Nicholas Antonio T. Mapa, senior economist at ING Bank NV-Manila Branch, said despite BSP Governor Benjamin E. Diokno’s recent rhetoric on further cuts to policy rates and banks’ reserve requirement ratios, the central bank will likely pause to see the effect of recent easing moves and remain data-dependent.

“(The BSP chief) has deemed rate cuts and monetary easing as ‘inevitable’ but he stuck to script by also promising that adjustments would be data-dependent and engineered by evidence. And although we agree that the May upside surprise will likely be a blip in the downward path for inflation, we expect BSP to take stock of the latest data and to also simultaneously gauge the impact of its recent double-barrelled easing (cut to RRP and reduction in RRR),” Mr. Mapa said.

“Governor Diokno has indicated that the BSP was ‘ready to use all appropriate measures needed’ to ensure that they would provide an environment conducive for economic growth but also stressed that price stability will be the primary focus. We believe that the BSP will pause at the June meeting to await further confirmation that inflation will return to its downward path which would further cement their short-term and medium-term inflation targets,” Mr. Mapa added.
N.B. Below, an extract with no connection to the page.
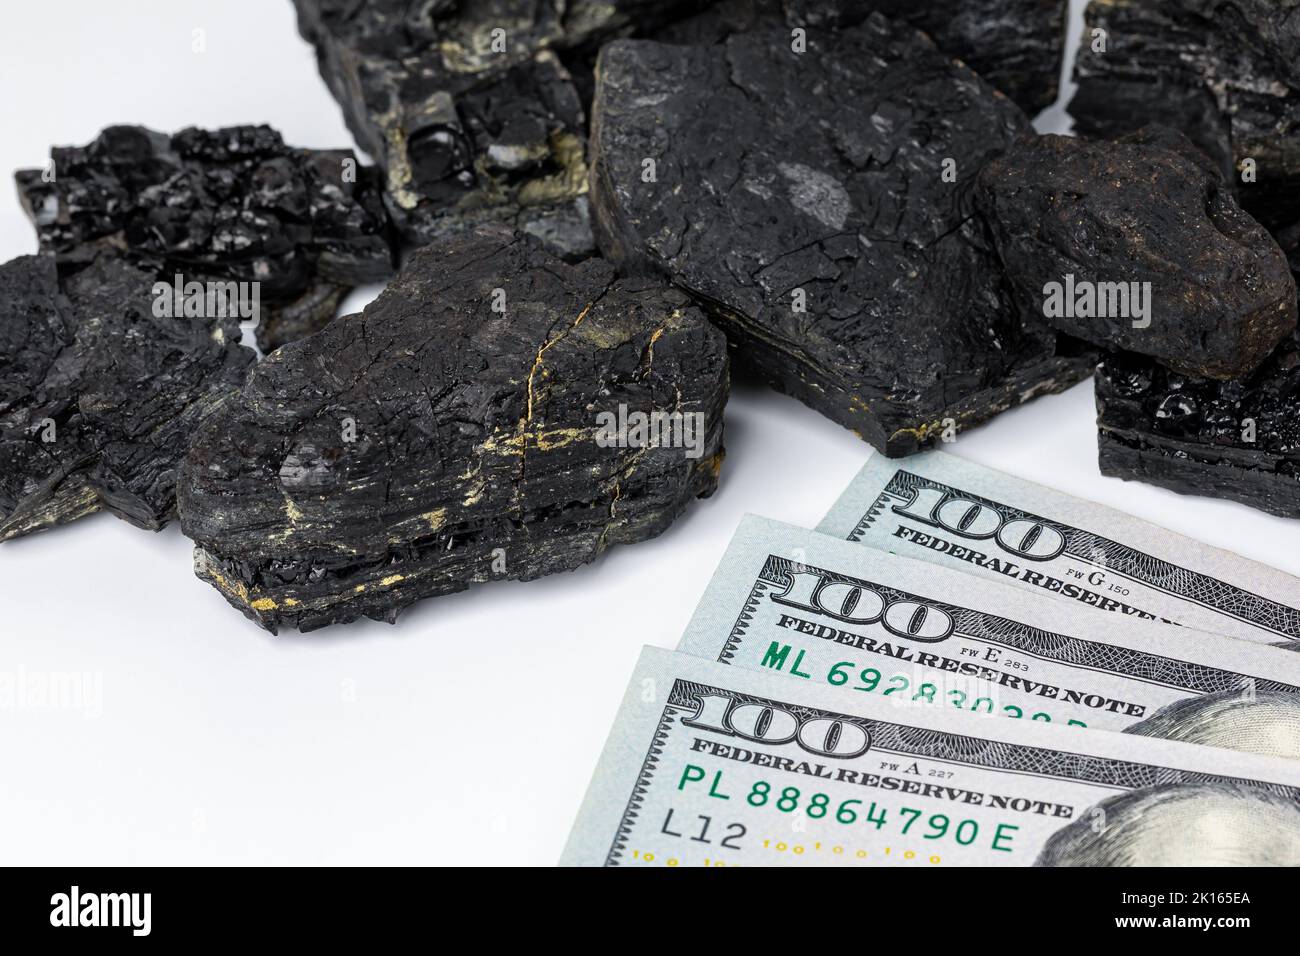 Black coal lumps with cash money. Fossil fuel, air pollution and coal mining industry concept. Stock Photo

Headline inflation stood at 3.2% last month, up from the three percent in April but still slower than the 4.6% recorded in May 2018. The print also fell within the BSP’s 2.8-3.6% inflation estimate range for that month.

Year-to-date, inflation averaged at 3.6%, past the midpoint of the central bank’s 2-4% target range and still above the 2.9% forecast for 2019.

Mr. Diokno earlier said the slight uptick in May inflation “does not constitute a trend,” adding that the central bank is confident that the rise in prices will slow in the third quarter due to base effects, declining world oil prices, and the appreciating peso.

The BSP cut benchmark yields by 25 bps at its May 9 meeting, bringing the interest rate on the central bank’s overnight reverse repurchase facility to 4.5% effective May 10. The rates on the overnight lending and deposit facilities were also reduced accordingly to 5% and 4%, respectively.

The central bank also reduced the RRR of lenders by a percentage point effective May 31 to 17% for universal and commercial banks, 7% for thrift banks, and 4% for rural and cooperative banks. The reserve ratios of big banks and thrift lenders will be cut by another 50 bps on June 28 and July 26 to settle at 16% and 6%, respectively.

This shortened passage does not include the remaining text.